Isso tudo, todo esse teatro/dança das cadeiras emocional parece forçado, mas apenas por esquecermos que ambos são pessoas socialmente inaptas. Nesse momento, lá pra uns 40 minutos de filme, que tudo encaixa. Klára não é irritante, apenas irritada. Ela tem um espinho na carne e na alma, espinho esse que só quem tem consegue ver. O espinho de Aladár está fincado na sua alma, ele está apático. Desde que foi liberado do campo de concentração ele vive empurrando a sua existência com a barriga.

“Aqueles que Ficaram” é um drama pesado, que trata da dor da perda e como as pessoas lidam com ela. É um filme honesto e complexo, que usa uma narrativa direta e sem firulas pra mostrar de forma fiel como duas pessoas se apegam e usam um relacionamento “normal” como ponte para estender essa normalidade para o resto de suas vidas. Ao longo do filme esse relacionamento se torna mais paterno e menos estranho e com um ar menos pedofilico (o que não rola no filme, nem é mencionado mas a ameaça no ar é palpável, a afeição de Klára é mais do que apenas de alguém que foi adotada e mais de alguém que quer ocupar um espaço mais central e matrimonial na vida de Aladár). Felizmente não tem nada de errado e salvo algumas interpretações ruins da parte da tia de Klára e da direção do colégio nada acontece além de um abraço mais intenso numa cena muito crítica.

Falando dessa cena crítica é bom mencionar logo toda a situação política do filme. “Aqueles que Ficaram” se passa em Budapeste entre 1948 e 1953, o que por si só já é um momento de grande interesse do ponto de vista social e histórico. O roteiro do filme consegue evitar comentários políticos apesar da sensação iminente de desgraça que o governo soviético deixa a população em geral. Já no fim do filme, Aladár parece ser dedurado por um antigo colega de profissão e passa por uma noite tensa que ele está pronto para encarar  o seu fim.

A direção de Barnabás Tóth é cuidadosa e precisa, nada parece forçado ou fora do lugar e todo o filme adquire um tom ponderado e contido. Pode ser que em alguns momentos isso faz com que o filme se alongue mais do que o necessário, mas todo esse clima arrastado é fundamental para criar o clima de cura lenta e penosa que o diretor quis manter.
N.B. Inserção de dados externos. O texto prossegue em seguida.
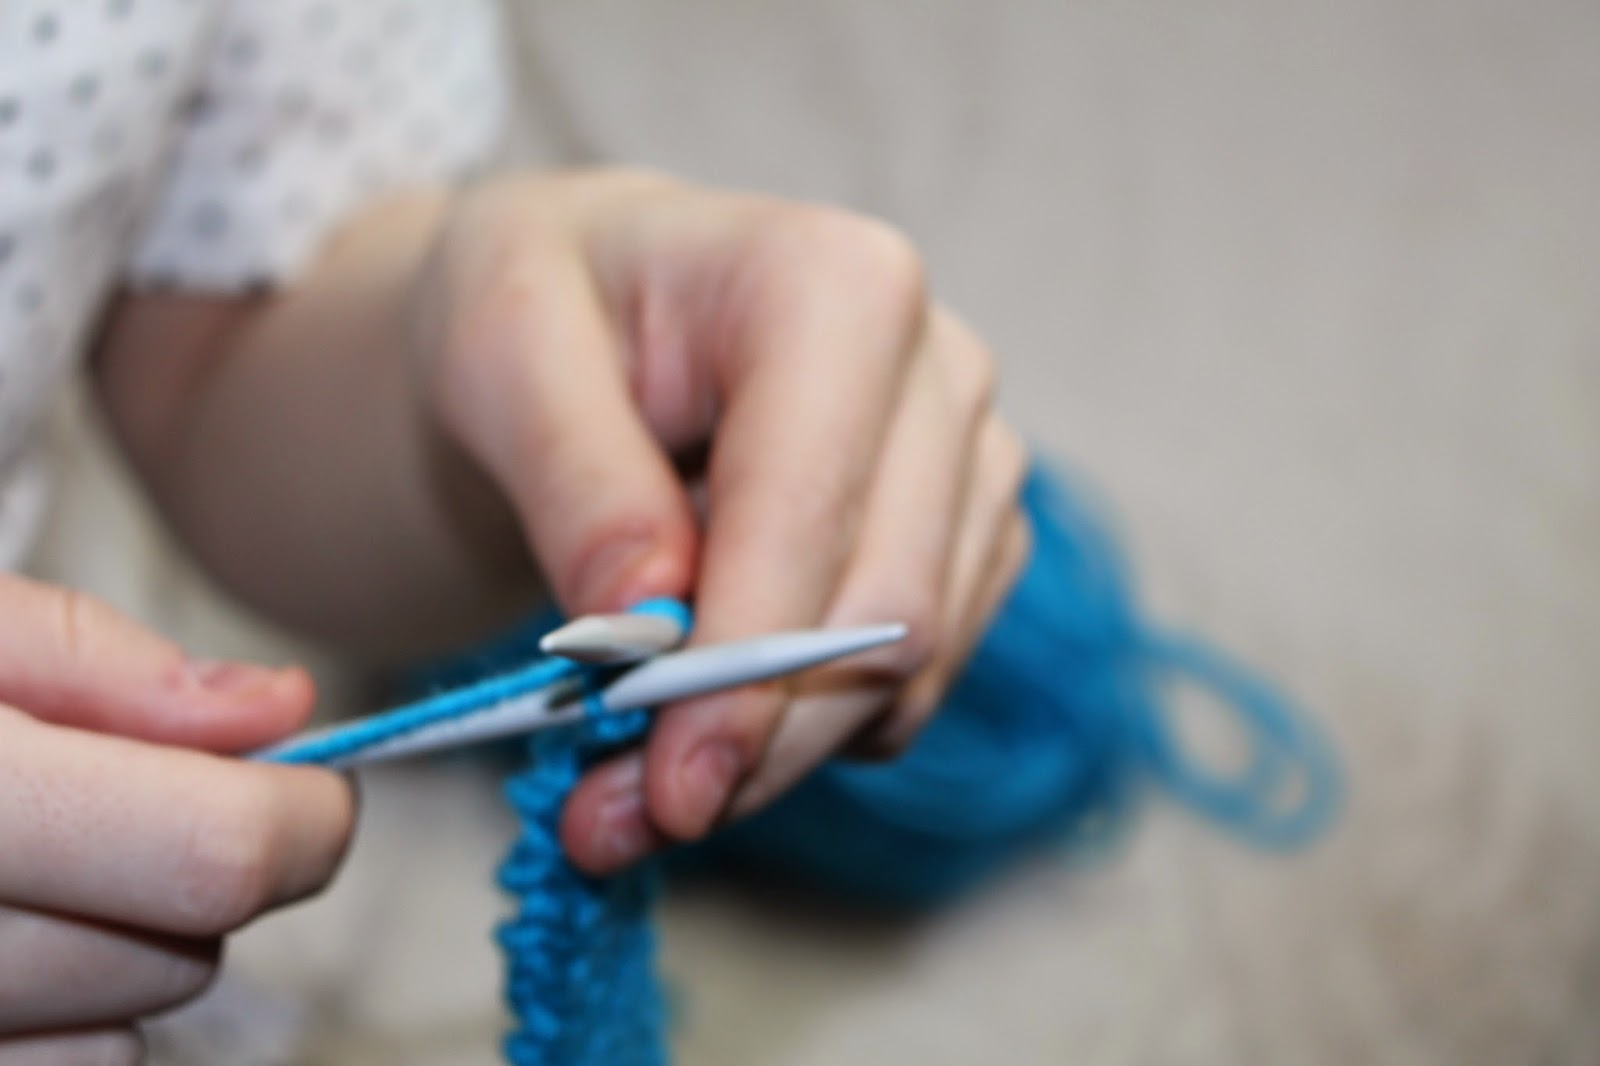 knitting shoutjohn blue

Sim, “Aqueles que Ficaram” é lento mas isso acontece intencionalmente, sem isso o timing teria sido quebrado e toda a aura maculada. A falta de trilha sonora na maior parte do filme ajuda a continuar essa vibe meditativa, durante os diálogos cada palavra nos acerta como um soco. Cada mínima implicação de uma frase e gesto é pesada e ruminada.

Finalizando essa harmonia temática temos a parte estética. A direção de fotografia e o design de produção fizeram um trabalho primoroso quando recriaram a Budapeste de mais de meio século atrás. Os tons baços de sépia do início do filme dão espaço para uma palheta mais pastel e alegre chegando no fim, um paralelo muito bem montado com o estado psicológico dos protagonistas.

No geral “Aqueles que Ficaram” é uma aposta sólida para melhor filme estrangeiro na próxima premiação da academia. Tenho o prazer de recomendar essa obra primorosa do cinema húngaro mas com a ressalva de que isso pode gerar o gatilho em alguns espectadores mais sensíveis. Nada é dito de forma grosseira ou explícita, mas o filme trata das mortes e da violência nos campos de concentração, trata de perder nossos entes queridos, trata de tentar se reerguer, trata de medo e trata de aprender a conviver em paz com a dor latente.